With that said, Gandhi did not have a universal deontological commitment against violence, he supported violence when fighting for one’s country. And even in alleviating oppression, he says that violence is to be preferred to cowardice. But obviously Satyagraha is to be preferred to all.
Education
He says that STEM and science education is not pivotal. It might be great as an ornament, but compared to the education that builds character and ethics, it is nothing.
All I have now shown is that we must not make of [science] a fetish. It is not our Kamadhuk. In its place it can be of use and it has its place when we have brought our senses under subjection and put our ethics on a firm foundation. And then, if we feel inclined to receive that education, we may make good use of it. As an ornament it is likely to sit well on us. It now follows that it is not necessary to make this education compulsory. Our ancient school system is enough. Character-building has the first place in it and that is primary education. A building erected on that foundation will last.
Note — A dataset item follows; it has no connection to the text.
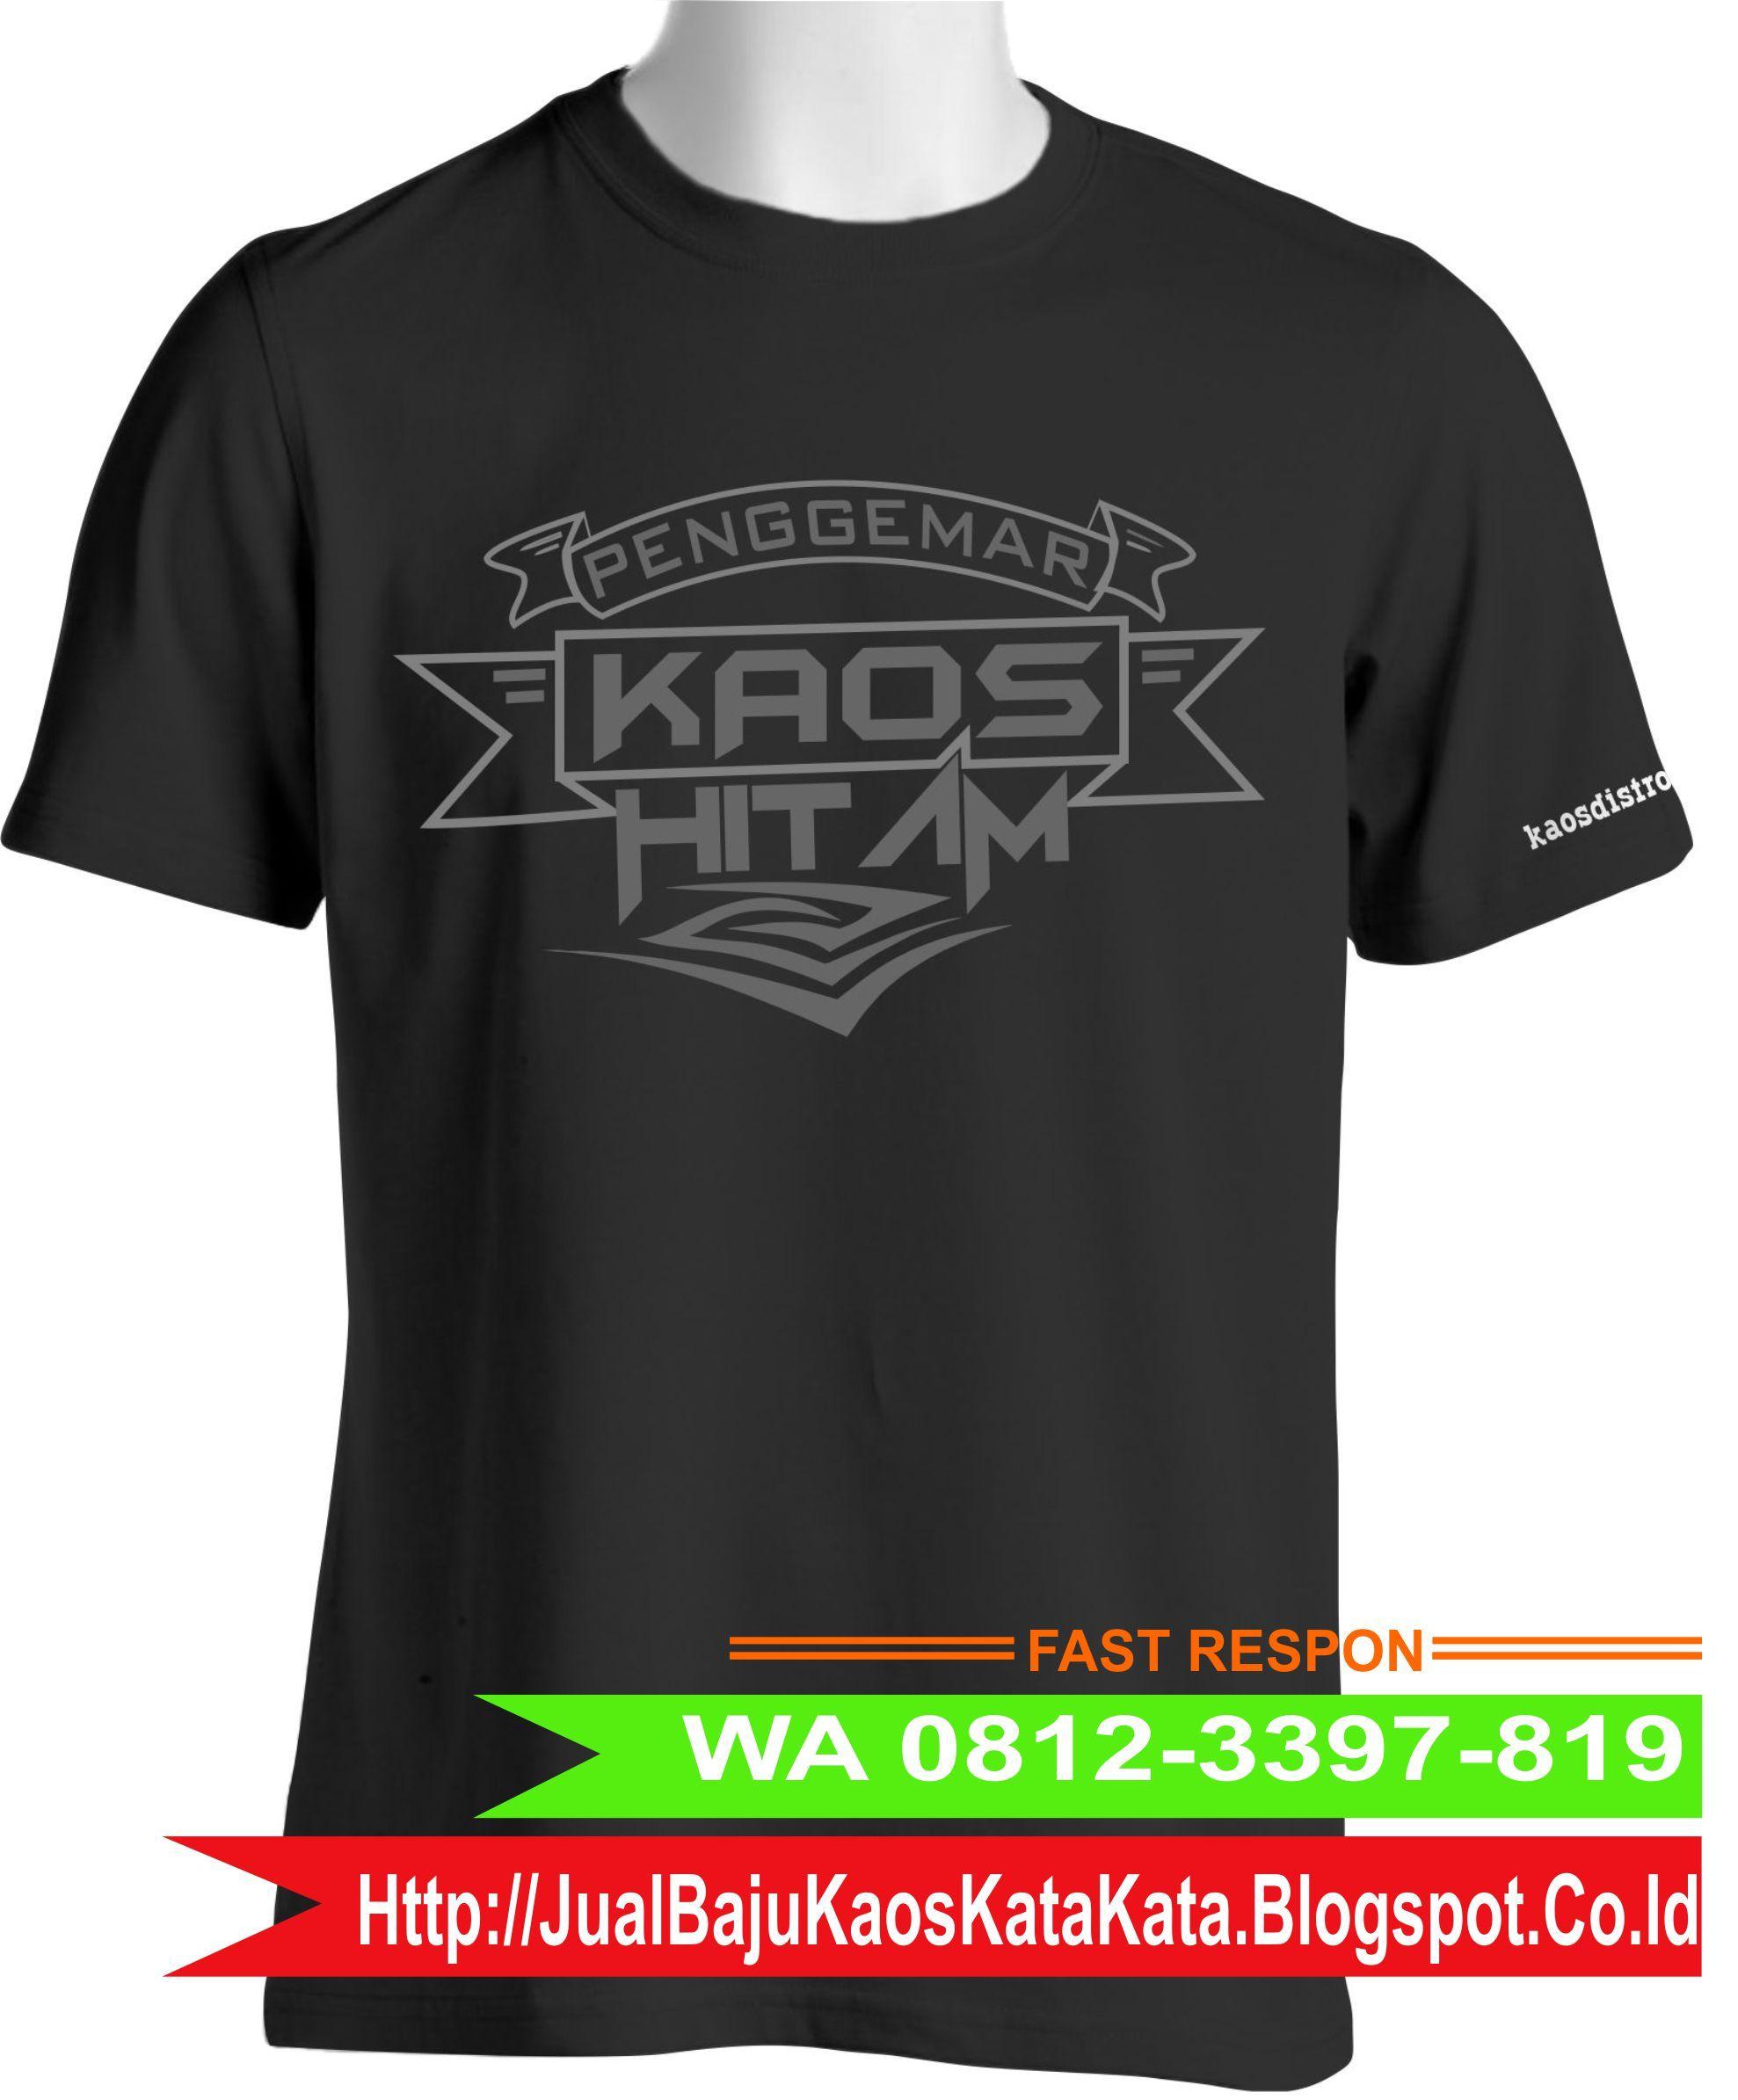 Pin By Kaos Kata Unik Keren Gaul Malang On Wa 0812 3397 819 Anak Jogja Surabaya

This is indeed a core part of our training that has been lost. Gandhi is adamant that western values and eastern values are incompatible, as opposed to the Dalai Lama who encourages the study of science:
In order to restore India to its pristine condition, we have to return to it. In our own civilization there will naturally be progress, retrogression, reforms, and reactions; but one effort is required, and that is to drive out Western civilization. All else will follow.
Miscellaneous
Gandhi talks about an epistemology of both love and pain. The former enables us to see the moral truth, to know the right action, only when we pity our oppressors can we really make meaningful progress. The latter helps us learn and remember, this was regarding his commentary on how doctors take away our opportunities to correct our vices.
Gandhi’s proposals are not radical/unrealistic at all considering the ends he wants to achieve. Fanon recommended violence because he wanted his country to be liberated and be materially well-off. Gandhi want’s to have a sphere that is highly moral. If those are his goals, he is not far off for saying that we have little to learn from the west, or that the only way to obtain the “fair ends” he wants is through nonviolence. As long as we keep in mind the end society, Gandhi wants to establish, it makes his recommendation all the more plausible. The interesting question is: is Fanon’s ends worth having without the moral transformation? Gandhi makes more sense and becomes more plausible when you read him as fighting two wars: the first war externally against the colonizers and the second war internally against the worldview of the colonizers. To win both wars, that is to establish political independence and be free from the spiritual bondage of materialism, what Gandhi proposed is not only effective but also necessary. Fanon only wants to win the external war and thus violence is a perfectly fine measure to do so.